Auch stand nicht etwa von vornherein fest, daß K. diese Beschäftigung wegen seines Gesundheitszustandes in kürzester Frist aufgeben mußte. Die Arbeit hätte bei Auftreten eines epileptischen Anfalls höchstens unterbrochen, nicht aber beendet werden müssen.

Es kann auch nicht gesagt werden, daß K. seine Beschäftigung wegen der Vorschriften der Polizeiverordnung über ärztliche Anlegeuntersuchungen im Bergbau vom 23. Mai 1940 und der Bergverordnung für die Steinkohlenbergwerke im Verwaltungsbezirk des Oberbergamts in Dortmund vom 1. Mai 1935/1. Juli 1953 in kürzester Frist hätte beenden müssen. Durch diese Vorschriften wird nicht etwa die Beschäftigung von Epileptikern im Bergbau schlechthin untersagt. Es ist lediglich vorgeschrieben, daß Arbeitnehmer nur mit solchen Arbeiten beschäftigt werden dürfen, bei denen sie weder sich noch andere gefährden können. Es bestand durchaus die Möglichkeit, daß K. für die von ihm ausgeführte oder eine andere Übertagetätigkeit das erforderliche Anlegeattest erhalten hätte, wenn er der Aufforderung zur Untersuchung nachgekommen wäre.

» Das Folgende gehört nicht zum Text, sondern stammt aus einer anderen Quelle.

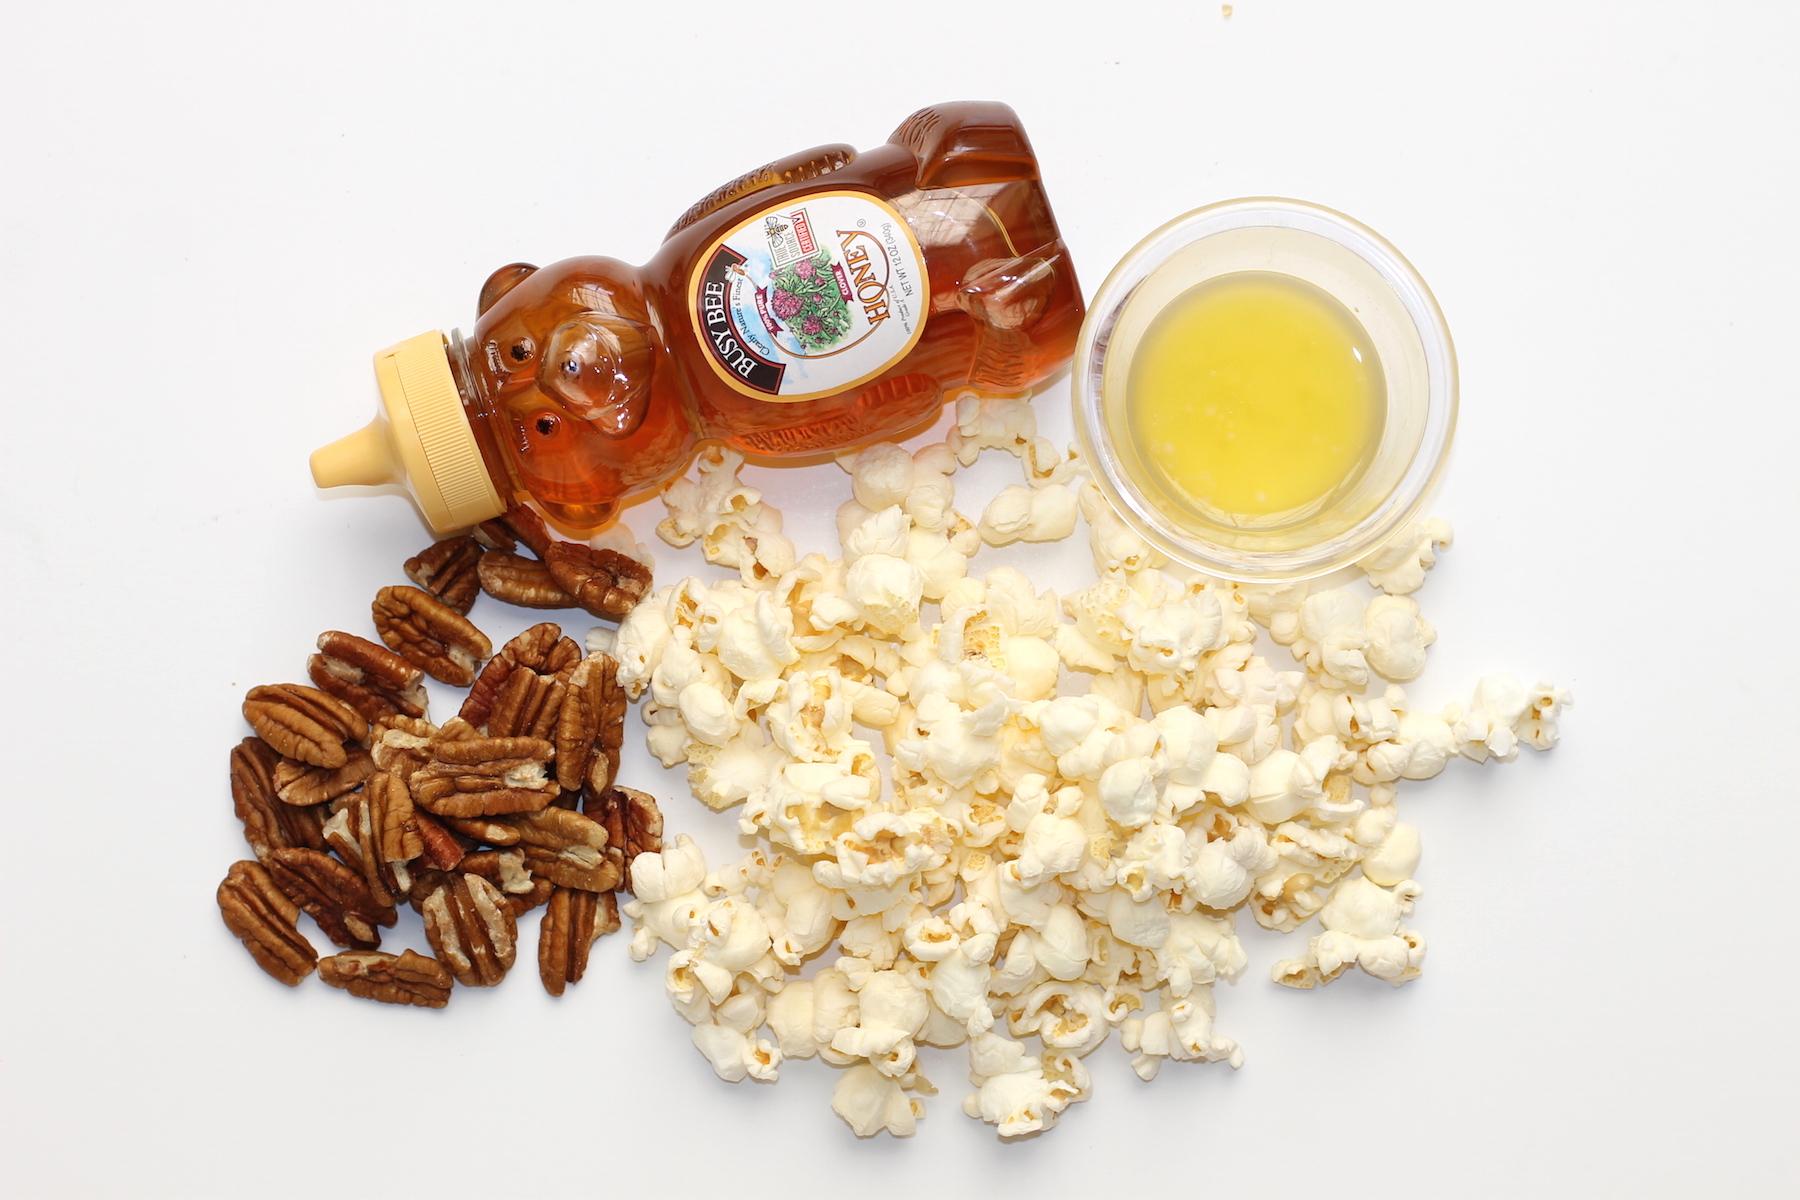 2-ingredientsfathers-day-popcorn-recipes-handmadebykelly.com-onlinelabels.com_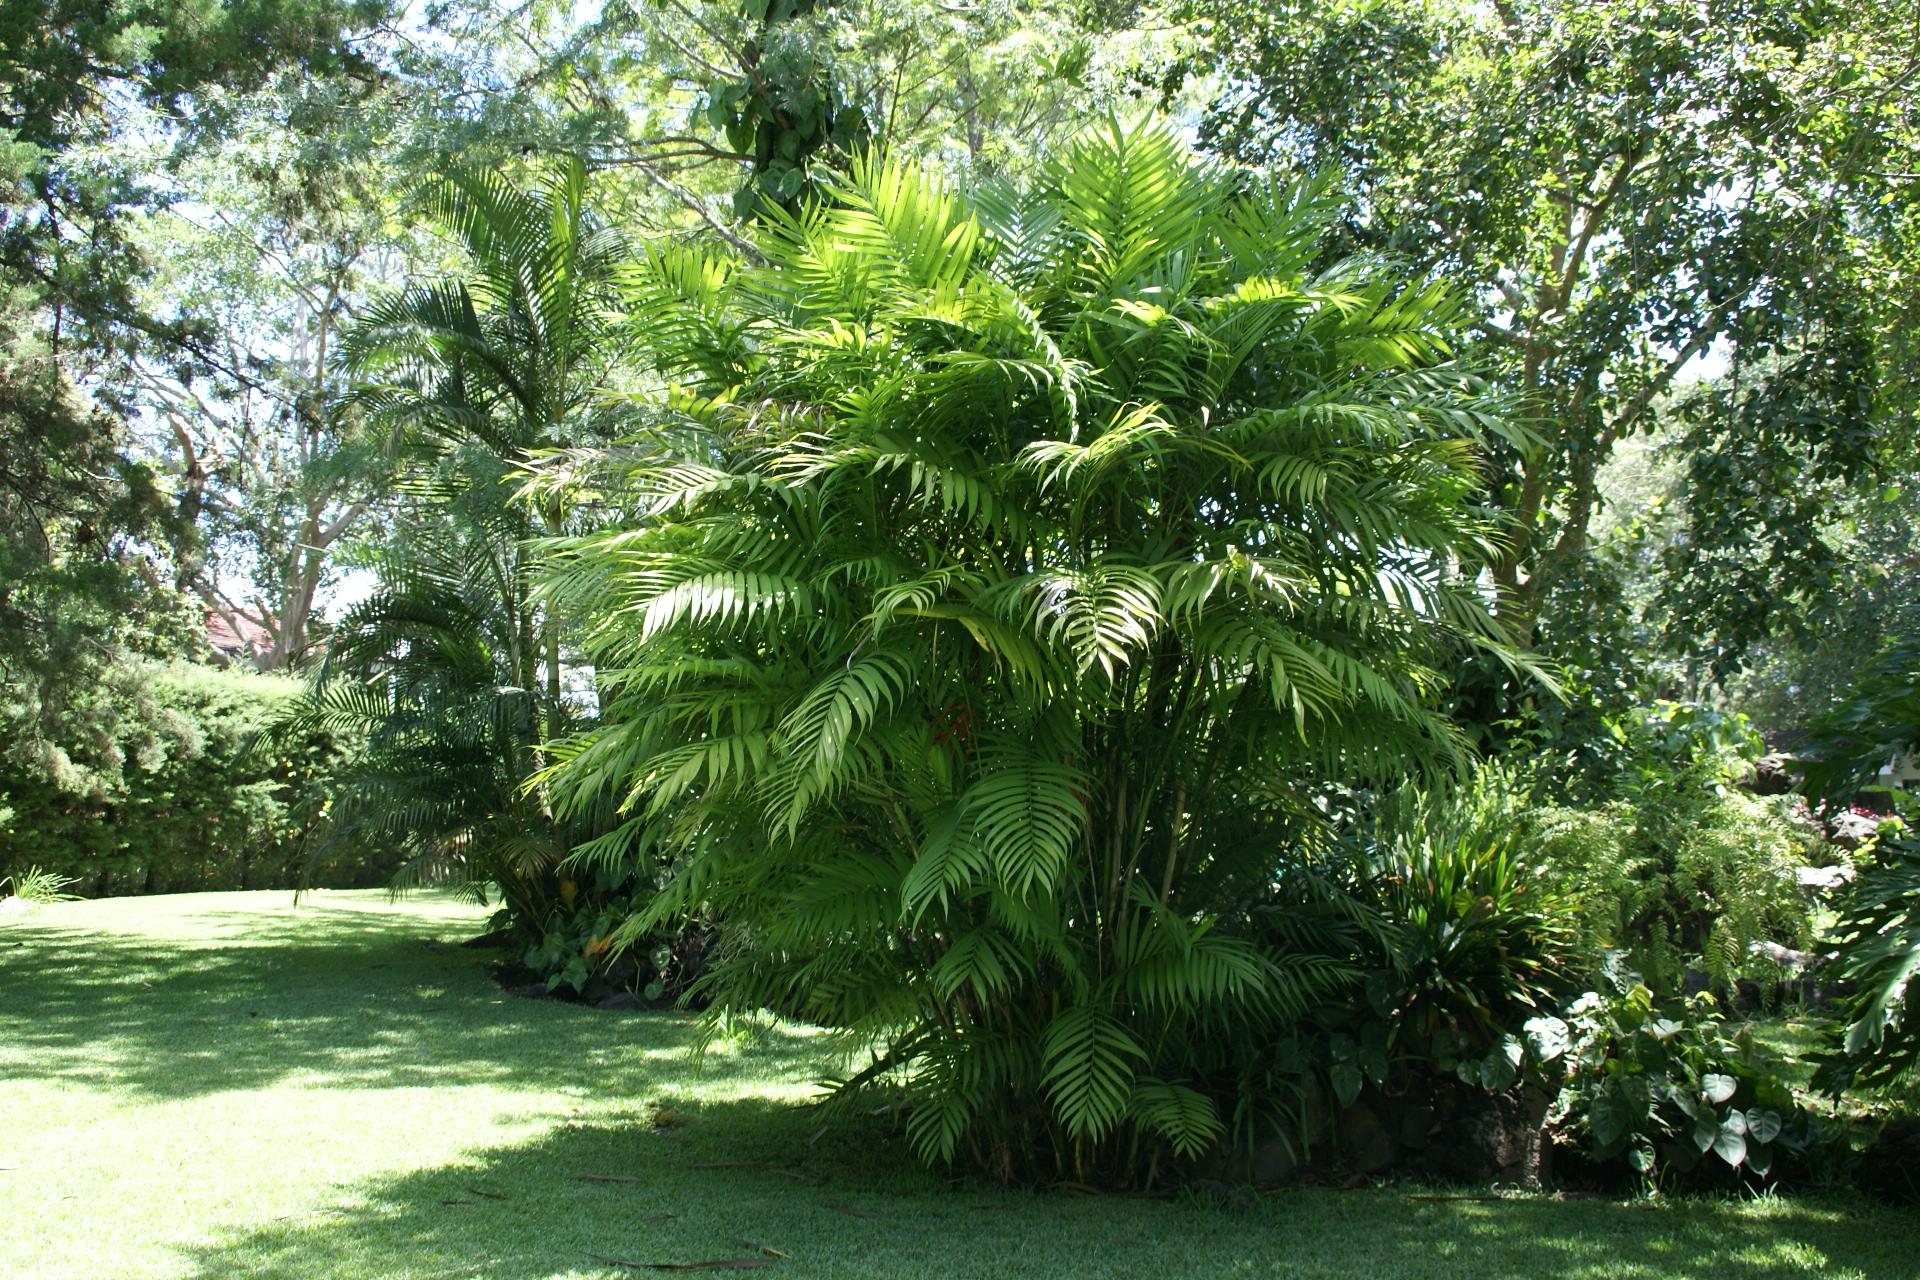 Chamaedorea tepejilote wikiwand for Au jardin des malentendus

Da somit ein versicherungspflichtiges Beschäftigungsverhältnis zustande gekommen ist, war K. vor Eintritt der Arbeitslosigkeit auf Grund des RKG gegen Krankheit versichert und gemäß § 121 Abs. 1 AVAVG aF Mitglied der Krankenkasse der Klägerin. Entgegen der Auffassung der Klägerin war daher nicht die Beklagte, sondern sie selbst für die Gewährung der Leistungen aus der gesetzlichen Krankenversicherung zuständig. Sie hat mit der Gewährung dieser Leistungen kein fremdes, sondern ein eigenes Geschäft besorgt, so daß ein Erstattungsanspruch nach den Grundsätzen der öffentlich-rechtlichen Geschäftsführung ohne Auftrag nicht besteht.

Die Revision war daher zurückzuweisen.

Die Kostenentscheidung beruht auf § 193 SGG.